Cohen told Pegues, however, that he did not get a response from Peskov or any representative of the Kremlin. "Not that I recall." He told Pegues, "I did not receive a response." Cohen claimed that the email was sent to a general inbox for Peskov and he says he does not recall where he got the email address or who gave it to him. "I don't know the guy." Cohen said about Peskov. "I sent it to a general inbox because it was a really good deal."
Cohen also told Pegues that his conversations with Donald Trump about the Moscow deal "totaled less than four minutes." He said he spoke to Mr. Trump about the deal on three occasions. The first time he says he mentioned the deal it was more of a "side note" to a conversation. Then, the second time it was to discuss the non-binding agreement (which Mr. Trump later signed) and to explain the economics of the deal.

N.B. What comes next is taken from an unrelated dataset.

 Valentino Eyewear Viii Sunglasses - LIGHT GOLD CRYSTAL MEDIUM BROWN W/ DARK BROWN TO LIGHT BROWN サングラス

Cohen says the third time it was discussed, he informed Mr. Trump that he had terminated the agreement.
Cohen said, "I wanted to see if there was a way to revive the deal." He had been working on the deal between October 2015 and January 2016 but says it all fell apart "in the second week of January." CBS News has learned that had it come to fruition, it would have included office, residential and hotel space. Cohen says it would have been a "significant deal and the proceeds would have "lasted in perpetuity."
In an earlier conversation with Pegues, Cohen told him that the Trump Moscow proposal "was simply one of many development opportunities that the Trump Organization considered and ultimately rejected."
Cohen said that in "late January 2016, I abandoned the Moscow proposal because I lost confidence that the prospective licensee would be able to obtain the real estate, financing, and government approvals necessary to bring the proposal to fruition. It was a building proposal that did not succeed and nothing more."
Pegues also confirmed that Russian-born real estate developer Felix Sater was working with Cohen on the plan to develop the Moscow Trump Tower, which was to be a massive residential real estate project. Sater tried to convince Mr. Trump to come to Moscow to talk aobut the proposal. The work on the proposal was taking place at the same time Mr. Trump was running for president.
Sater wrote to Cohen at one point in 2015, "Our boy (Trump) can become president of the USA and we can engineer it." He boasted, "I will get all of Putins team to buy in on this, I will manage this process" and said, "I will get Putin on this program and we will get Donald elected." The Washington Post first reported Sater's correspondence with Cohen.
On Thursday evening, Sater said in a statement to CBS News' Andres Triay that Cohen was "the only member of the Trump Organization" with whom he communicated about the project, which, he explained, was a proposal he put together in the latter half of 2015 to develop the world's tallest building in Moscow. Sater confirmed there was a signed letter of intent, but he also said in the statement that since he was not employed by the Trump Organization, he would not have been paid by the company, had it gone forward. He also confirmed that in January 2016, Cohen informed him that the company had decided "not to move forward with the project."